In our research, the CARLA simulation environment is employed to emulate autonomous driving through urban landscapes. CARLA operates on a service-client architecture, necessitating the scripting of a client to facilitate network communication with the service and create a reinforcement learning environment. For our experiments, we utilize the TownHD10 map from CARLA, within which we establish a world with a physical town. We determine a starting point for the vehicle and a destination for navigation on the map. The objective is for the vehicle to autonomously traverse from the starting point to the designated destination negating the requirement for high-precision maps and routing systems.

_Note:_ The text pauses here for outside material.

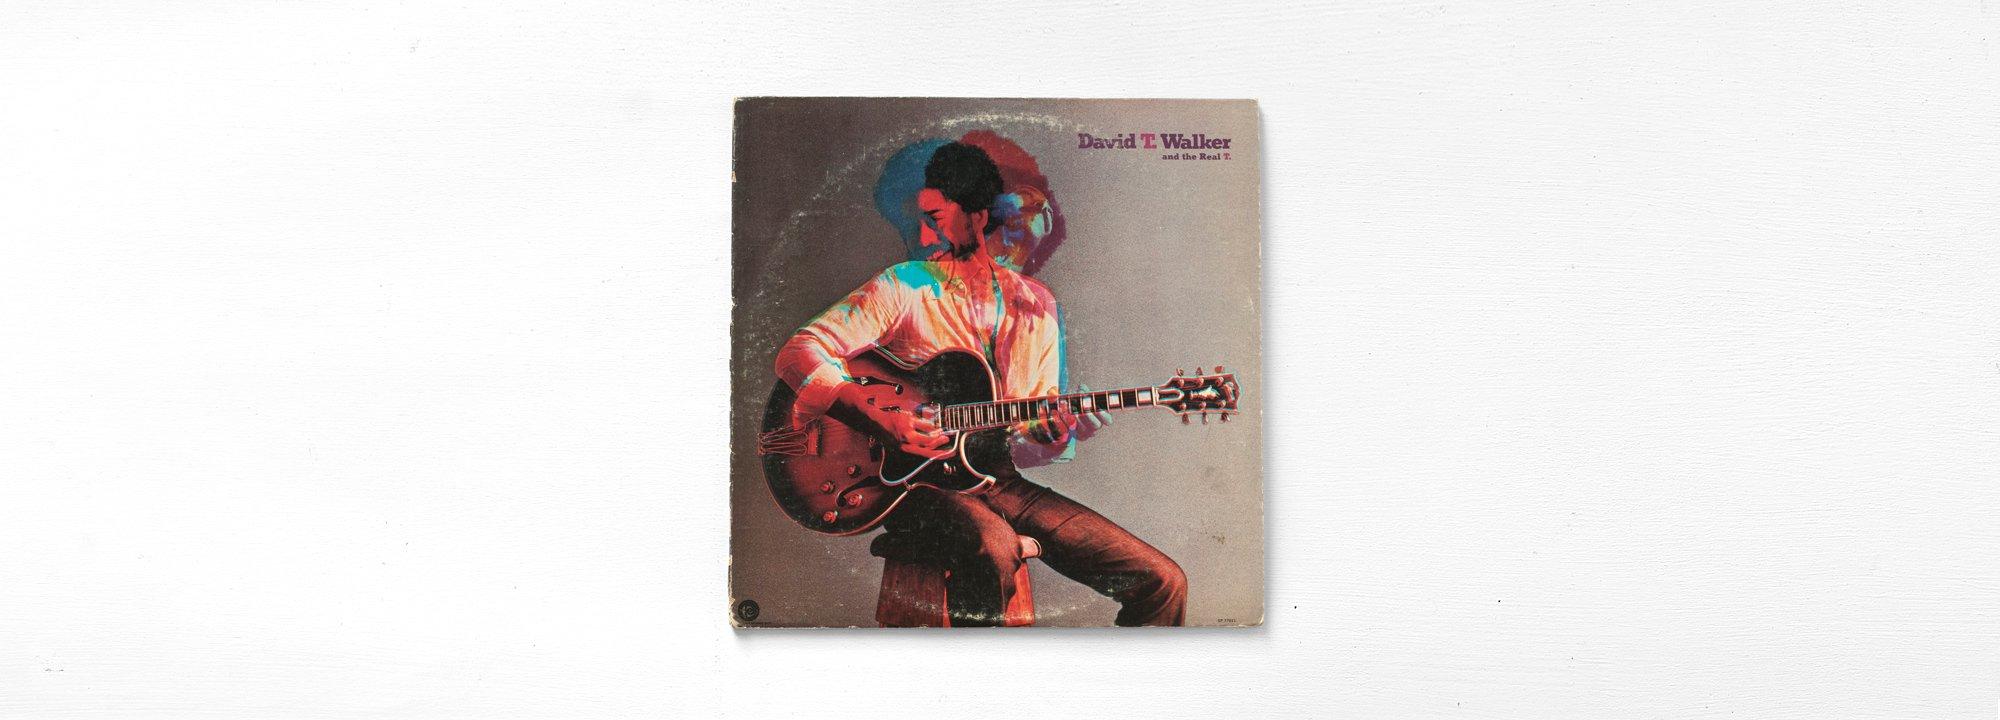 David T. Walker : David T. Walker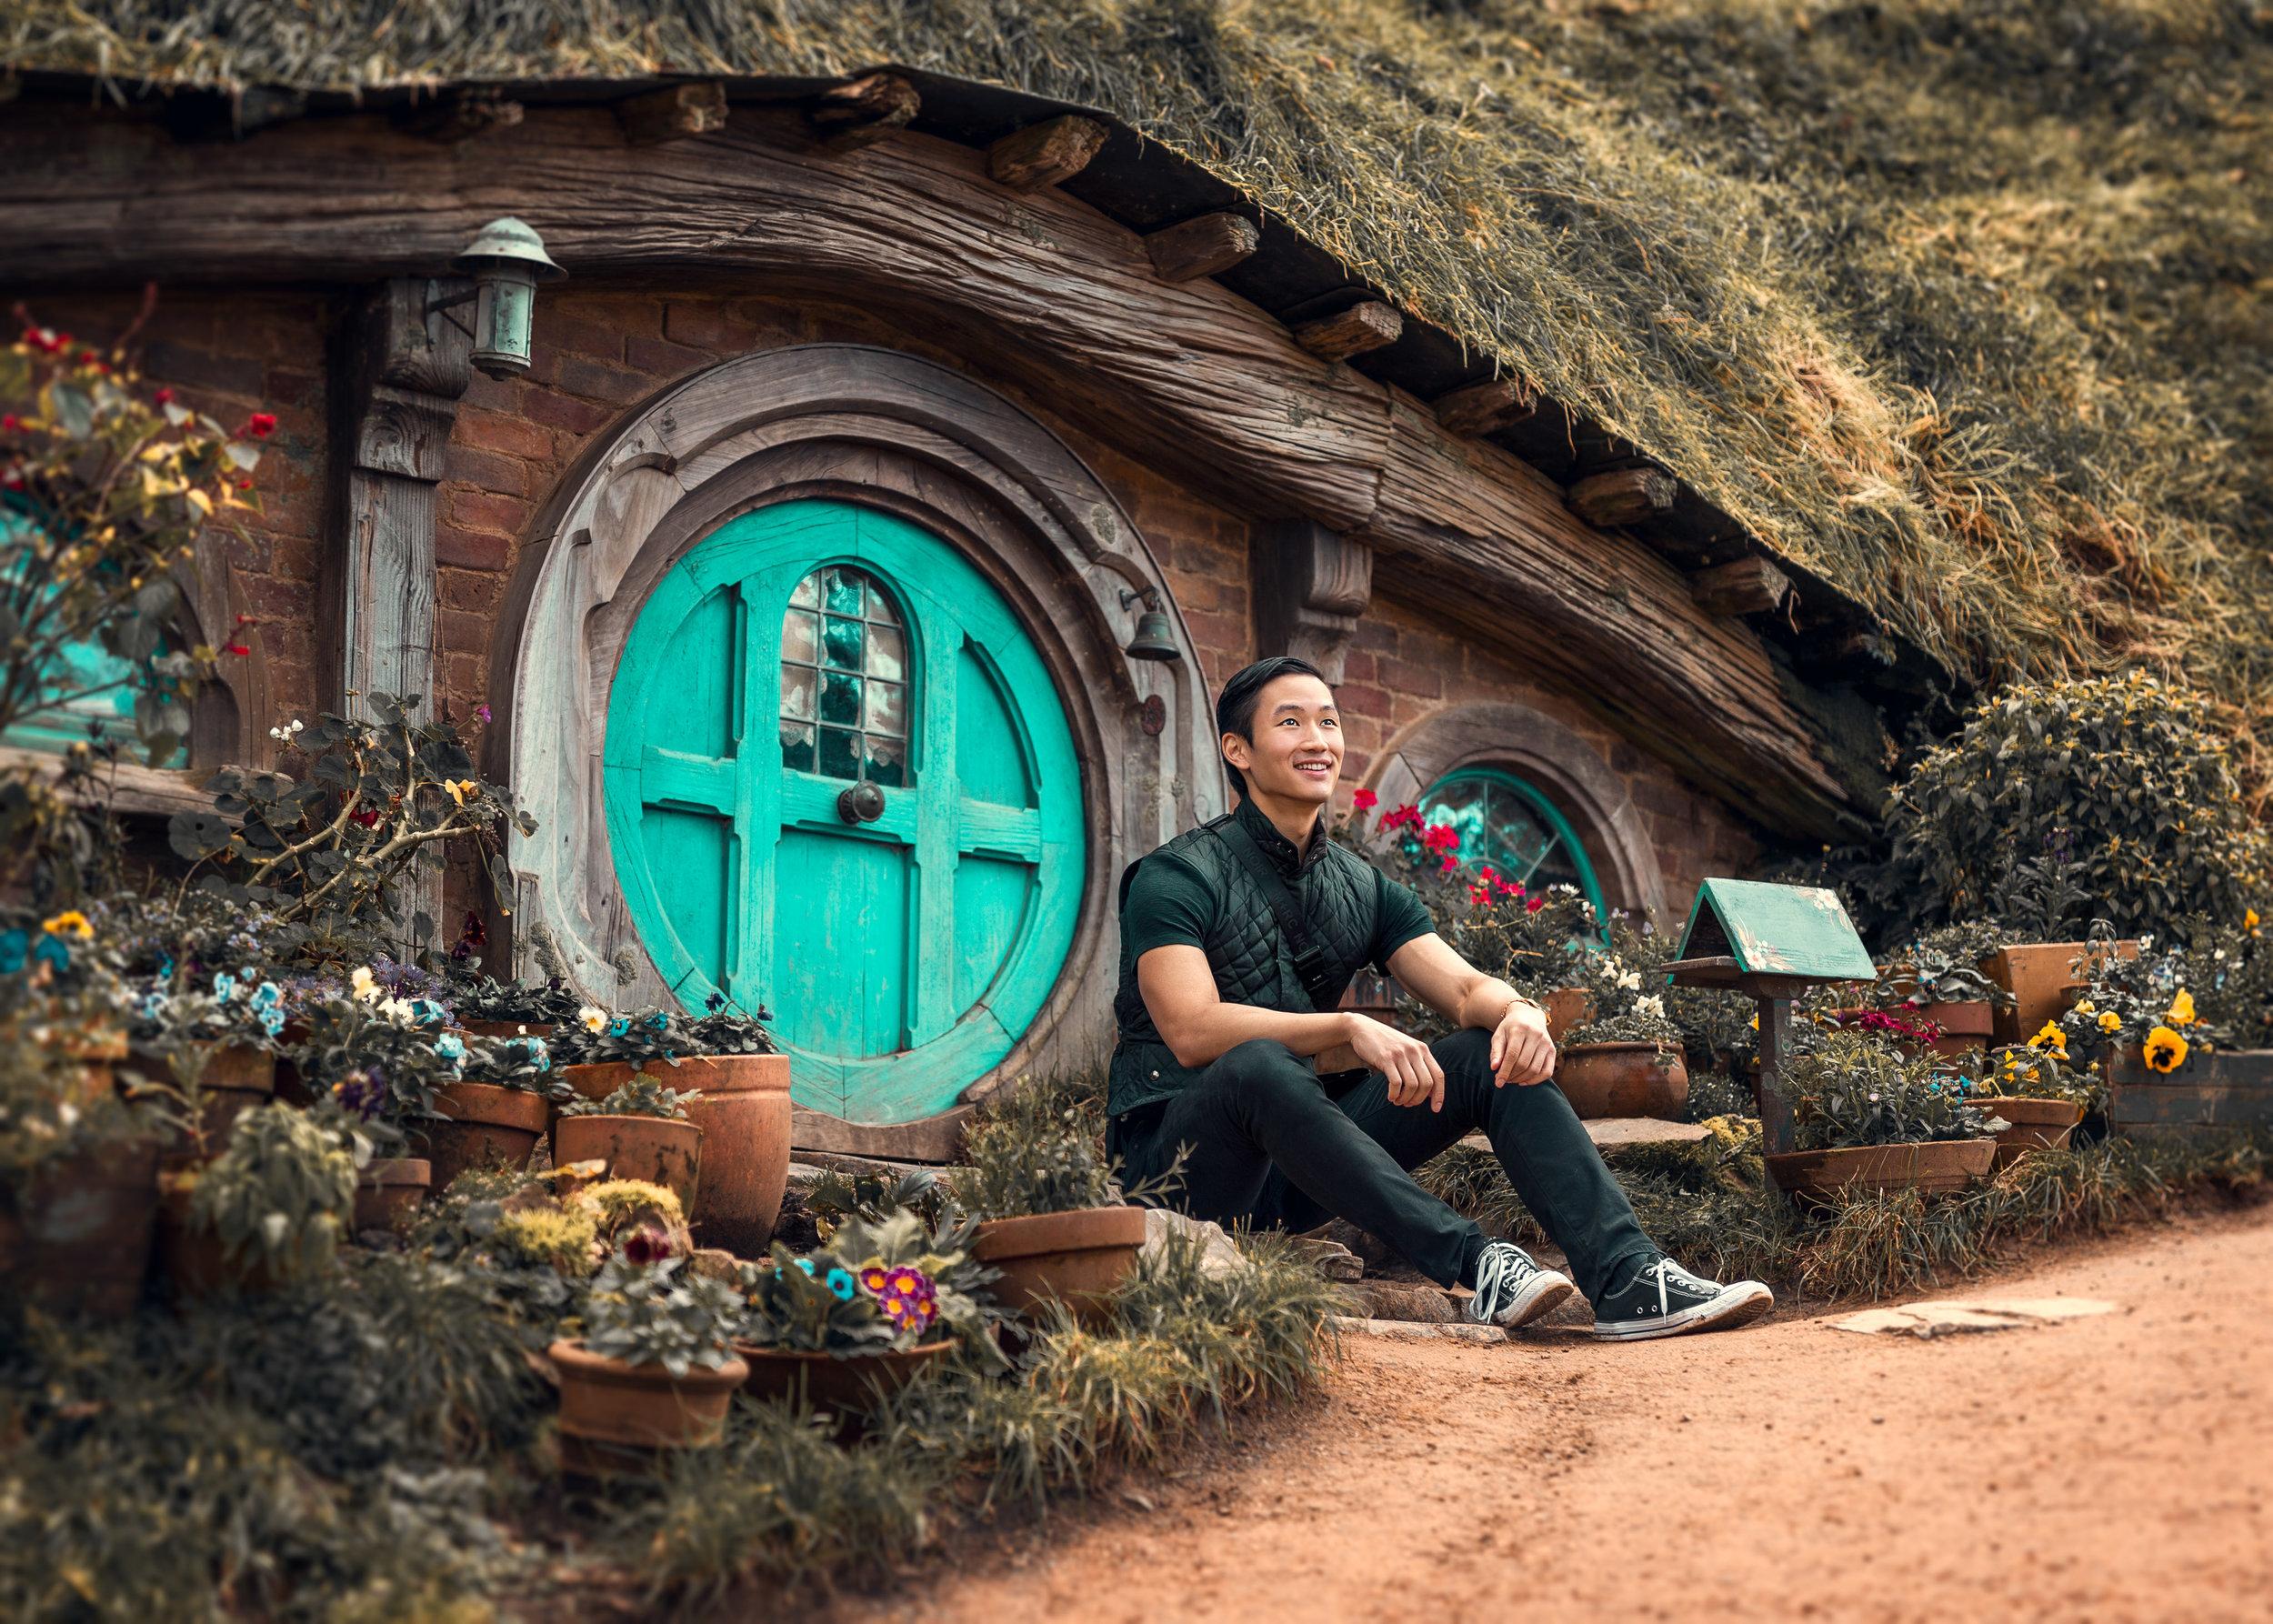 Doctor Ian in Hobbiton, Shire

As depicted in Figure 3, the Neolix autonomous logistics vehicle is equipped with a variety of sensors, including lidar, camera, collision sensors, an inertial measurement unit (IMU), and ultrasonic sensors.²⁹ In our setup, we employ only a visual sensor—a camera with a 60-degree field of view—to perceive the vehicle’s surroundings. Additionally, we incorporate a collision sensor to detect any collisions. The vehicle operates freely within the town, receiving real-time decisions from the agent. Training rounds conclude upon collision, and navigation is considered successful when the vehicle’s position is within one meter of the target position, at which point the termination state done is set to true.

Figure 3.

The Neolix unmanned logistics vehicle is fitted with sensors such as lidar, camera, collision sensors, inertial measurement unit (IMU), and ultrasonic sensors.

Reward design

In reinforcement learning, the reward serves as the sole feedback from the environment to the agent, assessing the quality of the current state. Compared to supervised learning, the limited information provided by the reward makes the training process of reinforcement learning more gradual and challenging. The design of the reward mechanism is crucial in guiding the agent towards decisions that align with the objectives of the task. A significant challenge in reinforcement learning is determining whether the reward design is sufficient to steer the agent’s behavior in accordance with the intended goals. The design of reward mechanisms is often shaped by our profound familiarity with a given domain. In order to enhance the agent’s experiential learning, a reward system that integrates both dense and discrete rewards is implemented, instead of the traditional terminal state reward at the end of each episode. This is a solitary, sparse reward granted upon success or failure. Many scholars argue that learning is made more arduous due, in part, to the paucity of rewards associated with effort. Often, the impact of such meager rewards is not immediately realized. For instance, in the game of Go, the reward is only bestowed upon the determination of a winner between two players at the end of the game, with negative feedback being the sole indicator of reward, its timing in player evaluation remaining ambiguous.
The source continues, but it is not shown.